**TASK OBJECTIVE**
Retype the listing exactly, with no images.

**INFORMATION PROVIDED**

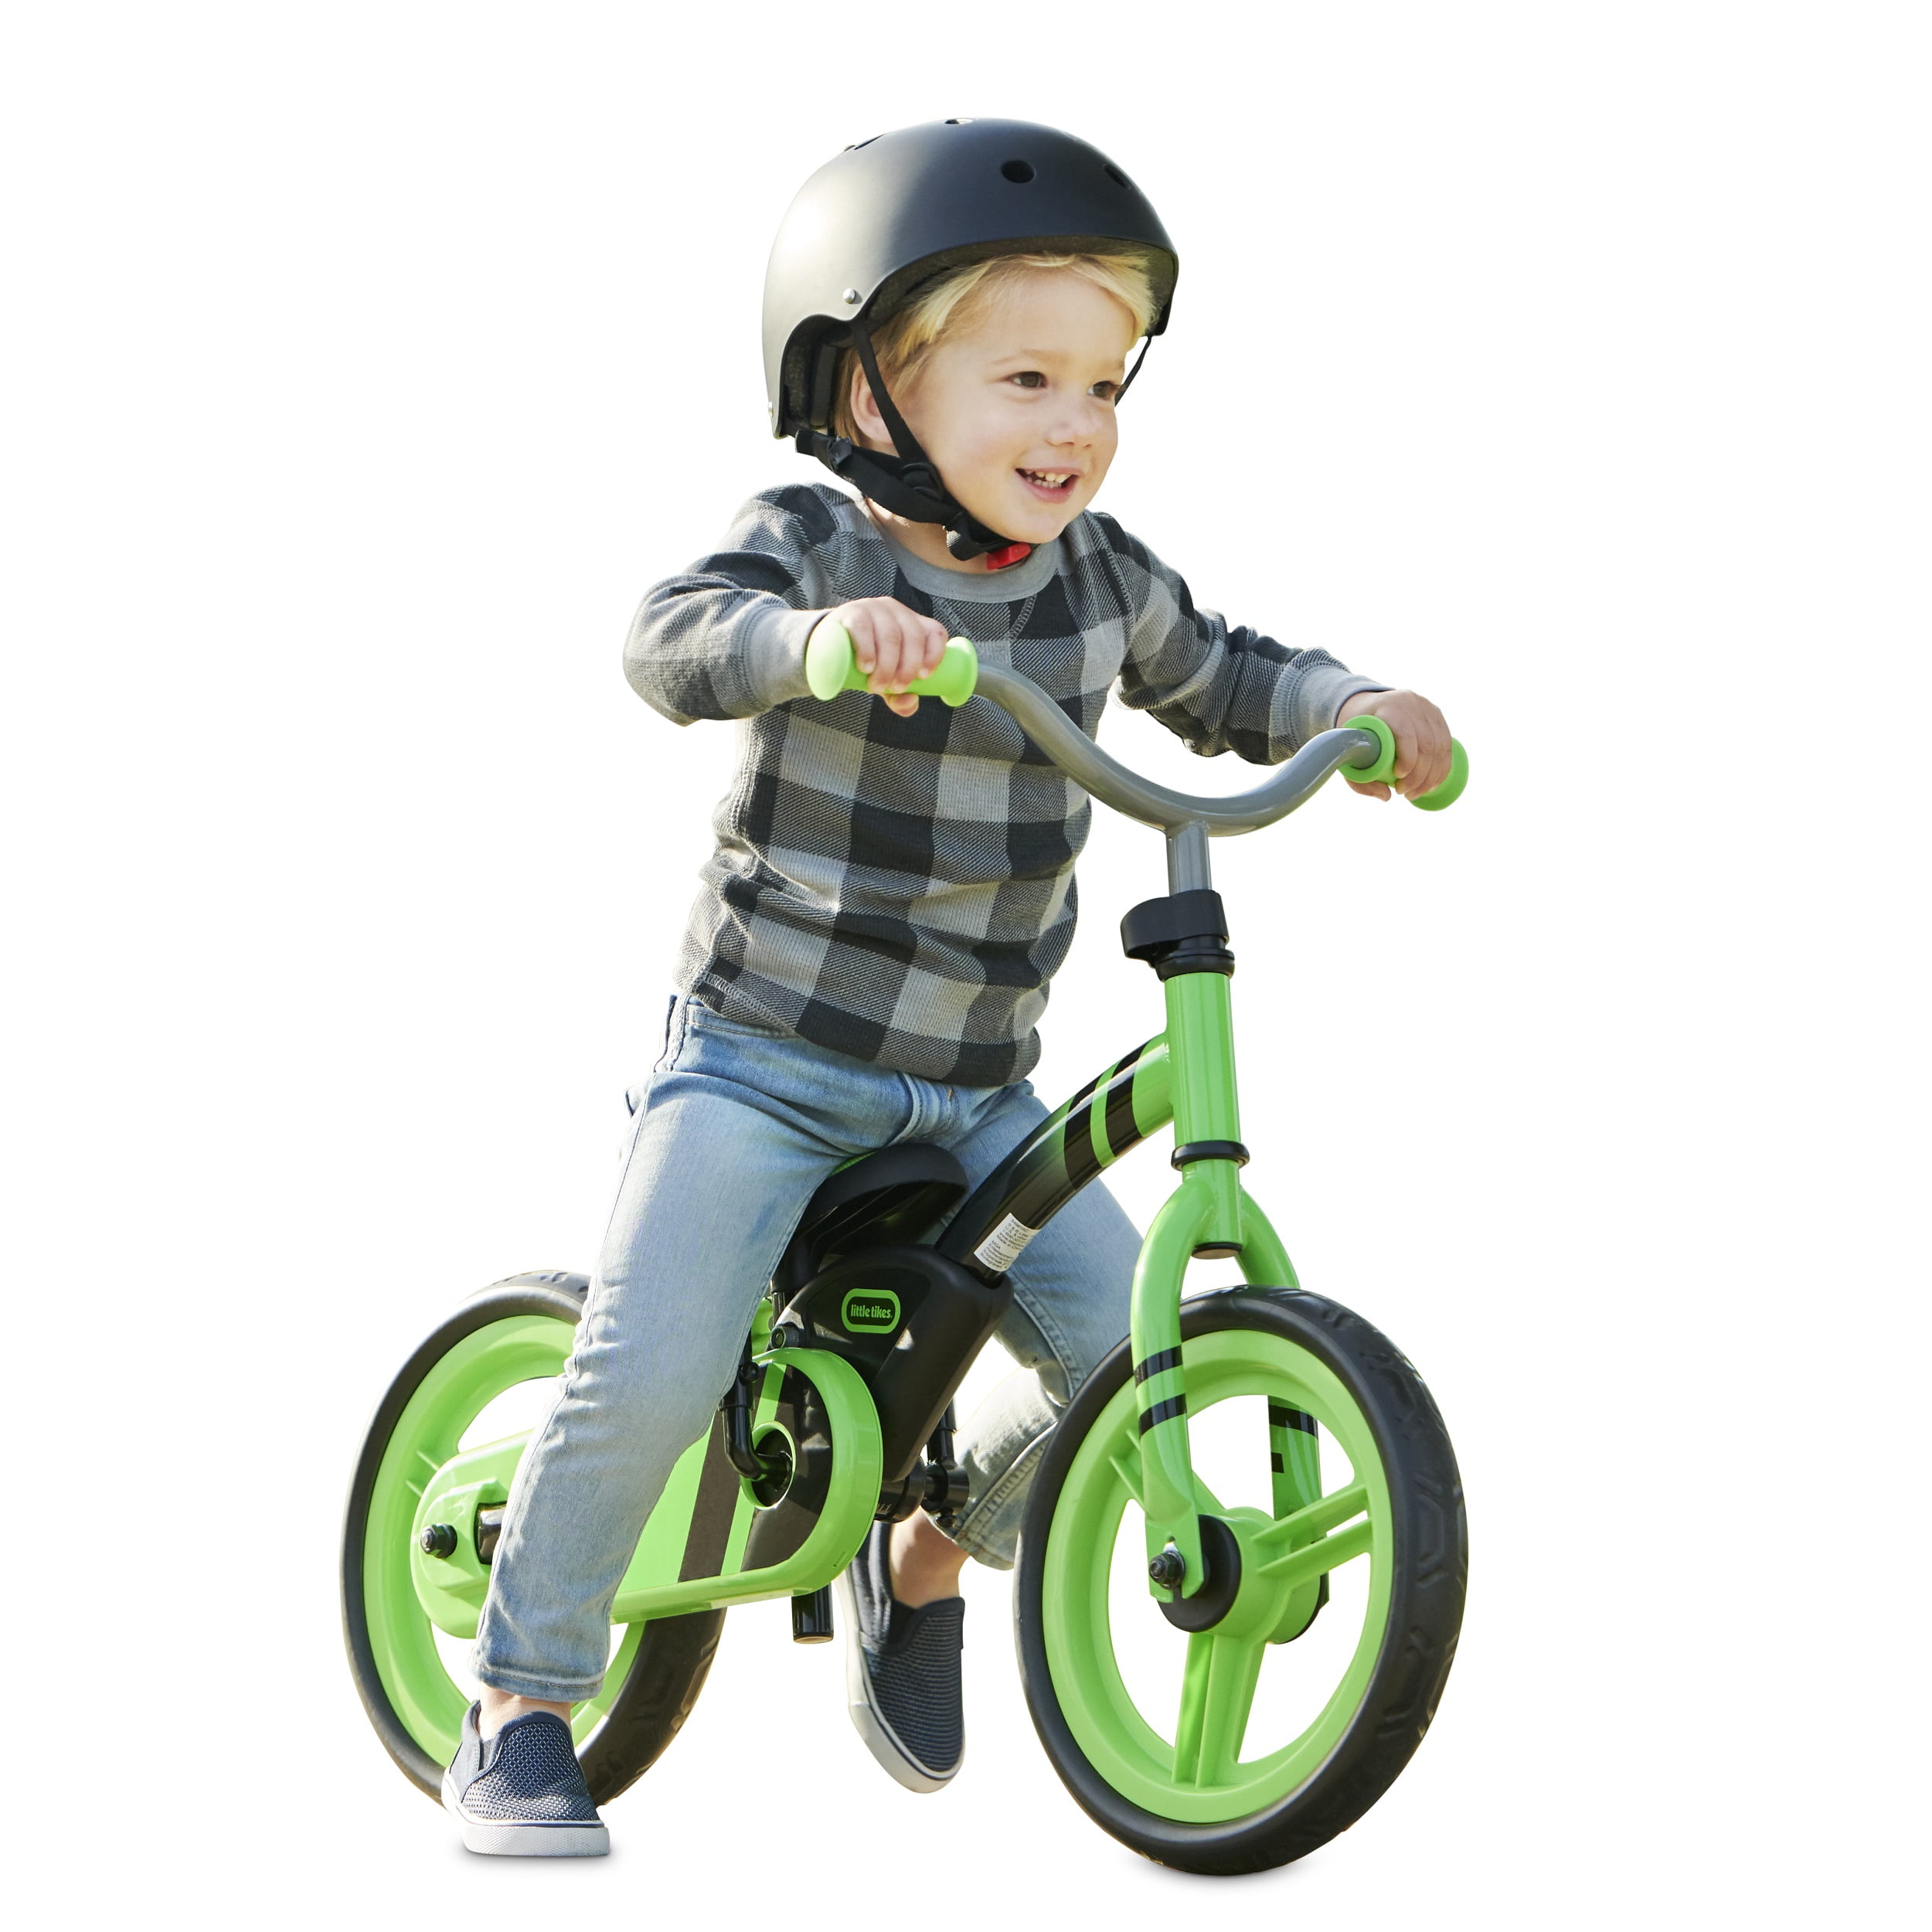 12 Inch Sport Balance Bike Kids Ride Bike children Bicycle Cycling Riding Gifts 
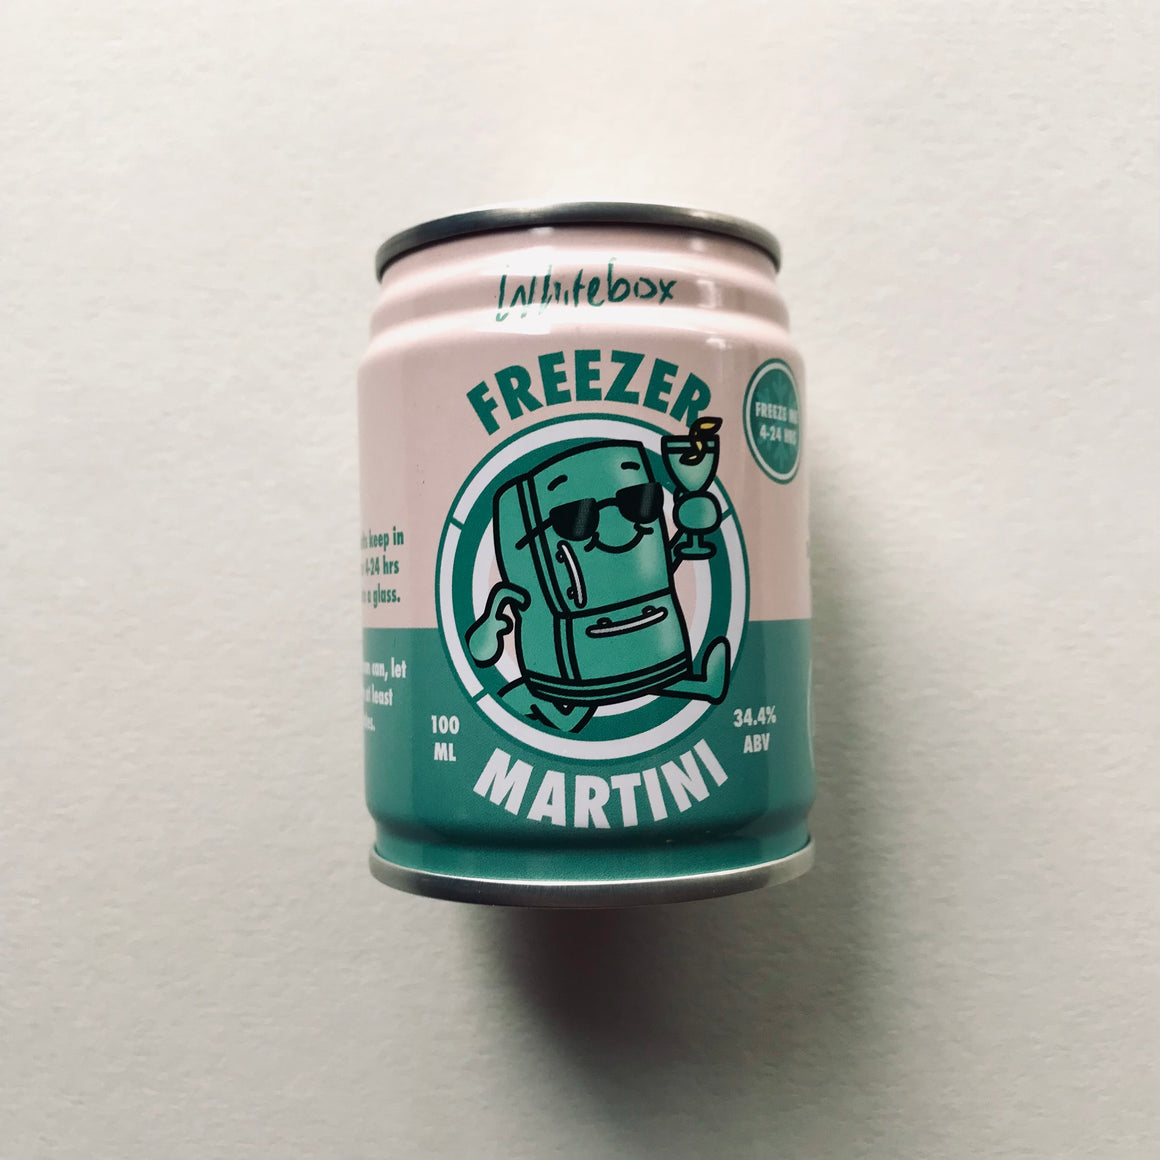 Whitebox Freezer Martini  34.4%
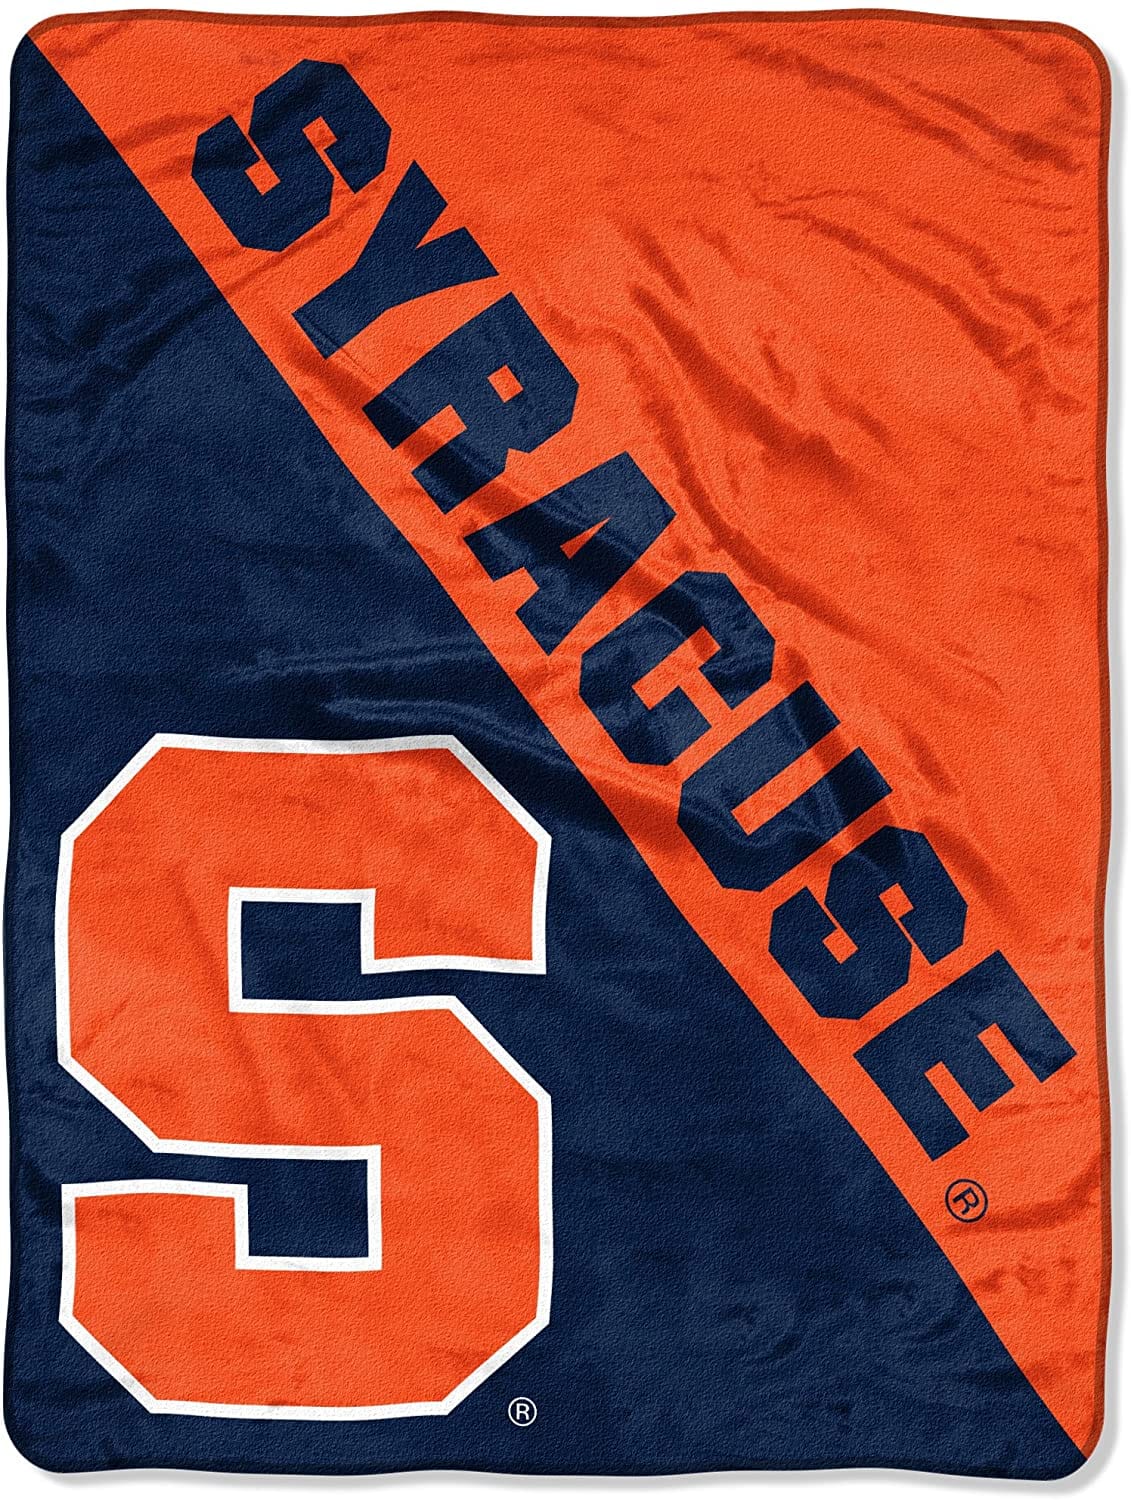 Ncaa Syracuse Orange Fleece Blanket
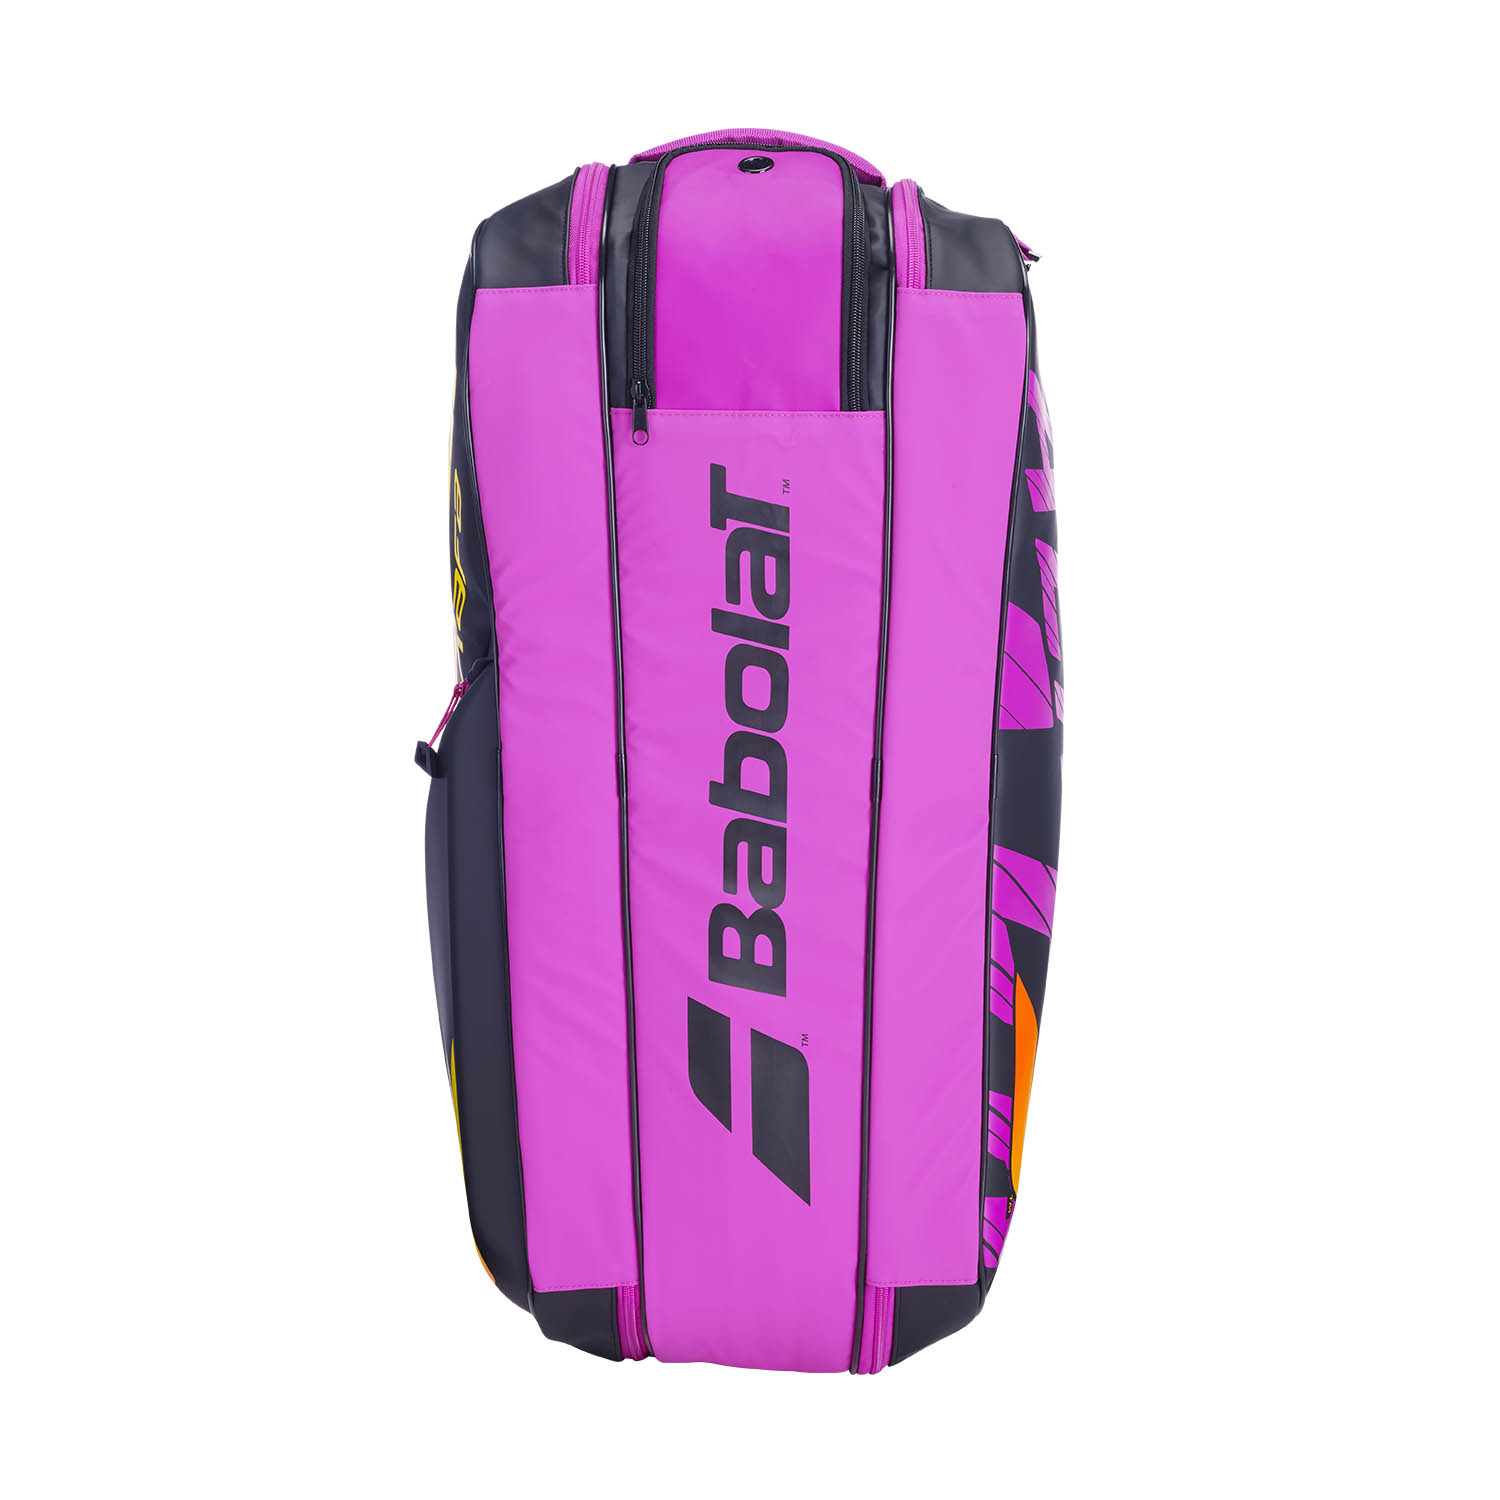 Babolat Pure Aero Rafa x 6 Bag - Black/Orange/Purple

**TASK ANSWER**
 12 Inch Sport Balance Bike Kids Ride Bike children Bicycle Cycling Riding Gifts 
 Whitebox Freezer Martini  34.4%
 Ncaa Syracuse Orange Fleece Blanket
 Babolat Pure Aero Rafa x 6 Bag - Black/Orange/Purple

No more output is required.